The state of New South Wales has committed $1.5 million on a digital Mental Health platform that will be used by eight of its agencies. Its installation is scheduled to be completed by June 30th of the following year. For young individuals aged 15 to 25, the Moderated Online Social Counseling (MOST) platform offers round-the-clock integrated face-to-face and online therapy, tools, and programmes.

It supports young patients with a network of peers and Mental Health clinicians, as well as the ability to interact with other patients via the platform. Users can also construct their own toolkit of methods to utilise before, during, and after therapy sessions using MOST. Orygen, an Australian non-profit research and Mental Health care organisation, invented it last year in July. Mobile phones, tablets, and desktop PCs can all access the digital platform.

As part of the state government’s COVID-19 community support response, MOST was trialled in Victoria and quickly spread. Since the outbreak, young Australians have had to wait six to eight weeks for an appointment with a psychologist at headspace, a government-funded non-profit service for teenagers.
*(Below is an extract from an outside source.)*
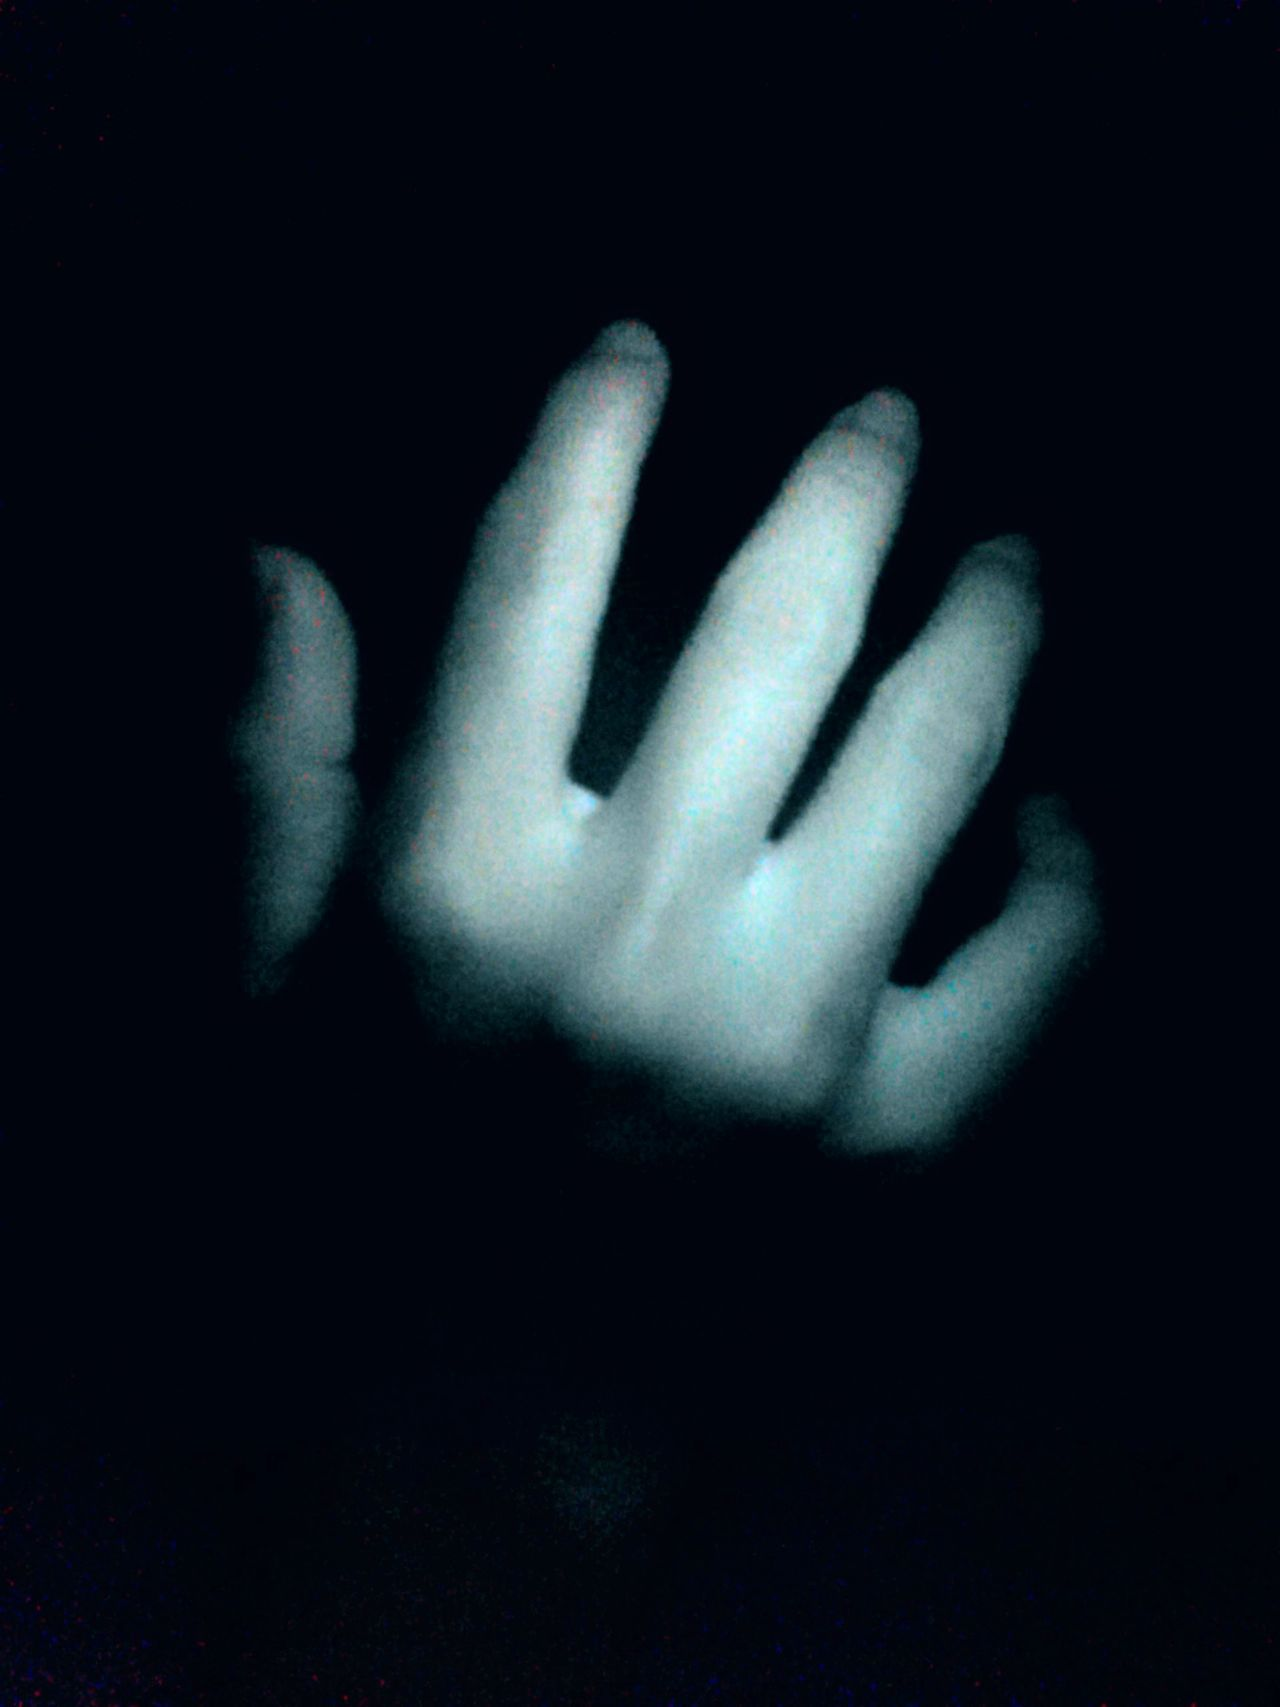 Hand In The Dark Something Strange Hand Handphonephotograhy Something Different Something In The Darkness

Bronnie Taylor, Minister of Mental Health, stated that the installation of MOST will offer them with immediate access to specialised care during this “challenging time” in.

The University of Sydney was awarded a A$3.4 million ($2.5 million) grant from the federal government’s Clinical Trials and Cohorts Studies scheme in July to test a new style of care for young individuals with Mental Health difficulties who are in the early stages of their illness. The university’s Brain and Mind Centre is collaborating with Orygen, Deakin University, and the University of Notre Dame on a five-year Youth Model of Care trial that will begin early next year.